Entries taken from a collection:
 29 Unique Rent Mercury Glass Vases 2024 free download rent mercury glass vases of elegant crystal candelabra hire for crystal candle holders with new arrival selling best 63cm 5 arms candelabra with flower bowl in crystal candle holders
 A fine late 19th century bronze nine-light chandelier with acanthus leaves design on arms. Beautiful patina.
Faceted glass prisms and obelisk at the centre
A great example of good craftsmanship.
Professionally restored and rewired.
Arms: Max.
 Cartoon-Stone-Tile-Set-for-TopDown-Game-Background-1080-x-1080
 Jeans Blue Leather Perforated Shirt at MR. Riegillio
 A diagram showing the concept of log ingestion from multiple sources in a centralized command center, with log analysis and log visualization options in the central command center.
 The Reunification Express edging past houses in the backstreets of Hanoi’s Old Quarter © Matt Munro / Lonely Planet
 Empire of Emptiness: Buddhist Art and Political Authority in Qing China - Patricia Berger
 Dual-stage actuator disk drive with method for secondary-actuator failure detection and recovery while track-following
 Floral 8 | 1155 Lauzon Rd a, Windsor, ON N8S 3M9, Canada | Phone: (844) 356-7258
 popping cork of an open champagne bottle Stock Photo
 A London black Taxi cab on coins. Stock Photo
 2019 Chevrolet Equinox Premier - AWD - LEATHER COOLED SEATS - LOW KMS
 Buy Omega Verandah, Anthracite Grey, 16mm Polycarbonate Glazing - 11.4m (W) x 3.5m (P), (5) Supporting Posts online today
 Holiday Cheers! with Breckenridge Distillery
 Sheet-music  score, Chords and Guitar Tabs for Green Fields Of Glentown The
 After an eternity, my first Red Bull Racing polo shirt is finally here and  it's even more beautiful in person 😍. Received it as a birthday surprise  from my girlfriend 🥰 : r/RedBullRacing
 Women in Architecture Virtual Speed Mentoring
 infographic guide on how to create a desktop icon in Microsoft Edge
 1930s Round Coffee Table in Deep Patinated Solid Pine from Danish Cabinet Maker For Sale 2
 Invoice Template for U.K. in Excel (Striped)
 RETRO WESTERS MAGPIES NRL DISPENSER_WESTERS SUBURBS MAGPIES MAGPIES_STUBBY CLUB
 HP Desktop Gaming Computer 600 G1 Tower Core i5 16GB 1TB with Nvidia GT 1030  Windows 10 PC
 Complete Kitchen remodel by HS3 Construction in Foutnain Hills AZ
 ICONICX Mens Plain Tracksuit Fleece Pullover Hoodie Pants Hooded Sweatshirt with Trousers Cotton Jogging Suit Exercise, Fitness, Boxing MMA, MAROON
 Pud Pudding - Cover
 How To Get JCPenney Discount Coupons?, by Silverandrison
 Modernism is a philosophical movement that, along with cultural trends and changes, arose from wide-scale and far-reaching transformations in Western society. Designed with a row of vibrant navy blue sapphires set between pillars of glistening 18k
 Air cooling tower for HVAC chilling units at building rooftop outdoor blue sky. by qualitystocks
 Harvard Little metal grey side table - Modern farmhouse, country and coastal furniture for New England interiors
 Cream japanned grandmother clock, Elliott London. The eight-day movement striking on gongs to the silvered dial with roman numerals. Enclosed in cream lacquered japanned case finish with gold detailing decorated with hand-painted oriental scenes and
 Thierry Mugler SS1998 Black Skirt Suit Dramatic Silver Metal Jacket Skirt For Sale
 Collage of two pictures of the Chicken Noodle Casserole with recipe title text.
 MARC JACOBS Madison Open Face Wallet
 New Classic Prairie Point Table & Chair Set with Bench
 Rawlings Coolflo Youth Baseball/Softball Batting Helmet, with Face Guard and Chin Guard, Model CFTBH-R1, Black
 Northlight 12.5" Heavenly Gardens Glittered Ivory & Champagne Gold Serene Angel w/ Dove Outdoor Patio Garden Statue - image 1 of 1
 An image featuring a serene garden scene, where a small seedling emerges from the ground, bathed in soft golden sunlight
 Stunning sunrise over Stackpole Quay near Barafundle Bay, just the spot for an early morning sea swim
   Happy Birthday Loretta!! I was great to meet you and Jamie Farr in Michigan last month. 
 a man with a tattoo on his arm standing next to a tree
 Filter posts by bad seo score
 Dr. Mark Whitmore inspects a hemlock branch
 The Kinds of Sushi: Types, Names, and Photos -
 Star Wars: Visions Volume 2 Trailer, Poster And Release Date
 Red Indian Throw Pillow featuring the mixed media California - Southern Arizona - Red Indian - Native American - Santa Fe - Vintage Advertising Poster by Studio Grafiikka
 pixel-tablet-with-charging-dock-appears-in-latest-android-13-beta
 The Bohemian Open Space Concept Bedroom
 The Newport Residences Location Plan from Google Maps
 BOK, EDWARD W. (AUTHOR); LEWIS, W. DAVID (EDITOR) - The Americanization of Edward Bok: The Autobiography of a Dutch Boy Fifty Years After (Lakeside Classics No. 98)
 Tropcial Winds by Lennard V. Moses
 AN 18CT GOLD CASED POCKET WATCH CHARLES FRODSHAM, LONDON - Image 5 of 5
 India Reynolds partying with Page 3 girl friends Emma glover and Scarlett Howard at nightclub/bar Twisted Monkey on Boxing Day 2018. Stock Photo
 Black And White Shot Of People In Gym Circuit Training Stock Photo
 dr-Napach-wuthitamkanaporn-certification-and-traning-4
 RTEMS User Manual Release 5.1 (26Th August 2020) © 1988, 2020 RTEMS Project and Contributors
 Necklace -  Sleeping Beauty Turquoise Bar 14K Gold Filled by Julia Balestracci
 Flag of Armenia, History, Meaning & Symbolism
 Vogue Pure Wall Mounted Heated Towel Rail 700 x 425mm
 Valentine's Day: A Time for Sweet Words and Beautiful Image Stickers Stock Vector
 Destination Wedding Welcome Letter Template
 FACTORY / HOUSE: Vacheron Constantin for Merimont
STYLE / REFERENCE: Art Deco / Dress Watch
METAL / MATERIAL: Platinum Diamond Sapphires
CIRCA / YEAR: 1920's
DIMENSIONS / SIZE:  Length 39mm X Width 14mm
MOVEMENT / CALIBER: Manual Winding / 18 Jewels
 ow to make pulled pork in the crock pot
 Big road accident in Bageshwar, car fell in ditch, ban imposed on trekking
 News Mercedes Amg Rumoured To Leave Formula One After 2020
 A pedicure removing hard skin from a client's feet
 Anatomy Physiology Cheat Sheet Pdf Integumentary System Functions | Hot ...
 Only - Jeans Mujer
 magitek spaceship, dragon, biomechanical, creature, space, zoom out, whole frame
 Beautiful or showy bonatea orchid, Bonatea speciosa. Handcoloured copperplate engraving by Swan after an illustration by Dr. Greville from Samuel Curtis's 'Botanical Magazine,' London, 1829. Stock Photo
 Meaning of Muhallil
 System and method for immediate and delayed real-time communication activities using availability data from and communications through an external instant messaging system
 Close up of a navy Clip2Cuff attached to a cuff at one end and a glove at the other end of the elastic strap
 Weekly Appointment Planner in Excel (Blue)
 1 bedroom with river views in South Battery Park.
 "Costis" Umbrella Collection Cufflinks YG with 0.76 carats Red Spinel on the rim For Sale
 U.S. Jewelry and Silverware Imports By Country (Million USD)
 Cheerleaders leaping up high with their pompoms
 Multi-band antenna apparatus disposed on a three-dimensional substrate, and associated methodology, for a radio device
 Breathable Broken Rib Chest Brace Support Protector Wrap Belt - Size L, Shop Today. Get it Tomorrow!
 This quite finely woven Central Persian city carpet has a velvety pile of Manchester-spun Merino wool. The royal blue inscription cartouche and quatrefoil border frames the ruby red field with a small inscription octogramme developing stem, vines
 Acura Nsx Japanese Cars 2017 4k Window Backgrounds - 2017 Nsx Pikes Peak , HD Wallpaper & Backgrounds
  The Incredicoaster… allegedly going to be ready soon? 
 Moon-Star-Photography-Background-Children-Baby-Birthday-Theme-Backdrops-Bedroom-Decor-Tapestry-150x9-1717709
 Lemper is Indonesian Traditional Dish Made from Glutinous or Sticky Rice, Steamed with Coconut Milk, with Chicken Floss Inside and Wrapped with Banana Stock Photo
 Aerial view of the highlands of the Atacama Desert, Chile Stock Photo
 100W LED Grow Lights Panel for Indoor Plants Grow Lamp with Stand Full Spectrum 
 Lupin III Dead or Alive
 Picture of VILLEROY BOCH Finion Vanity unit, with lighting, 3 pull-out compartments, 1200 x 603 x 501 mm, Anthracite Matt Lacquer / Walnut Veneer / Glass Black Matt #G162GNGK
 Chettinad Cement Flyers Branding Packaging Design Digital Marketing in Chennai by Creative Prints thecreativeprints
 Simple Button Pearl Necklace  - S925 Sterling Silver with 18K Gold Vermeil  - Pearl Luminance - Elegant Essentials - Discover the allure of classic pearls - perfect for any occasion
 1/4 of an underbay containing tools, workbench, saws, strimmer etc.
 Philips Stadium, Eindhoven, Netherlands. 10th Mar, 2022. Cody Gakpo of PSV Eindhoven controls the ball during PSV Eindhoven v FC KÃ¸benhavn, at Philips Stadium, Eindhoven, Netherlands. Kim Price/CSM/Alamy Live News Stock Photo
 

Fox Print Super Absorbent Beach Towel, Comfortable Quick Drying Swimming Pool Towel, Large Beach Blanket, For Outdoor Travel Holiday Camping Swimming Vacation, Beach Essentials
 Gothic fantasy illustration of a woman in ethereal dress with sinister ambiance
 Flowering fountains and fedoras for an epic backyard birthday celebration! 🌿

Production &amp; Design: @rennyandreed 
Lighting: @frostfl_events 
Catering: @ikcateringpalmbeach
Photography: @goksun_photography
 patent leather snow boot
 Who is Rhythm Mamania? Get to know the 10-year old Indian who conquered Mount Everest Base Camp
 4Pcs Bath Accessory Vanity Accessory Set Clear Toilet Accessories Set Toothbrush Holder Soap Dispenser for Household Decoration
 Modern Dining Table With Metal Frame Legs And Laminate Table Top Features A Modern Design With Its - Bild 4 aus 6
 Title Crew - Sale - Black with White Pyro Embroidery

• _Problem_
Copy out only the lines of the records above from the one with "The Reunification Express" through the one with "infographic guide on", exactly as they stand, both included.

• _Solution to the problem_
 The Reunification Express edging past houses in the backstreets of Hanoi’s Old Quarter © Matt Munro / Lonely Planet
 Empire of Emptiness: Buddhist Art and Political Authority in Qing China - Patricia Berger
 Dual-stage actuator disk drive with method for secondary-actuator failure detection and recovery while track-following
 Floral 8 | 1155 Lauzon Rd a, Windsor, ON N8S 3M9, Canada | Phone: (844) 356-7258
 popping cork of an open champagne bottle Stock Photo
 A London black Taxi cab on coins. Stock Photo
 2019 Chevrolet Equinox Premier - AWD - LEATHER COOLED SEATS - LOW KMS
 Buy Omega Verandah, Anthracite Grey, 16mm Polycarbonate Glazing - 11.4m (W) x 3.5m (P), (5) Supporting Posts online today
 Holiday Cheers! with Breckenridge Distillery
 Sheet-music  score, Chords and Guitar Tabs for Green Fields Of Glentown The
 After an eternity, my first Red Bull Racing polo shirt is finally here and  it's even more beautiful in person 😍. Received it as a birthday surprise  from my girlfriend 🥰 : r/RedBullRacing
 Women in Architecture Virtual Speed Mentoring
 infographic guide on how to create a desktop icon in Microsoft Edge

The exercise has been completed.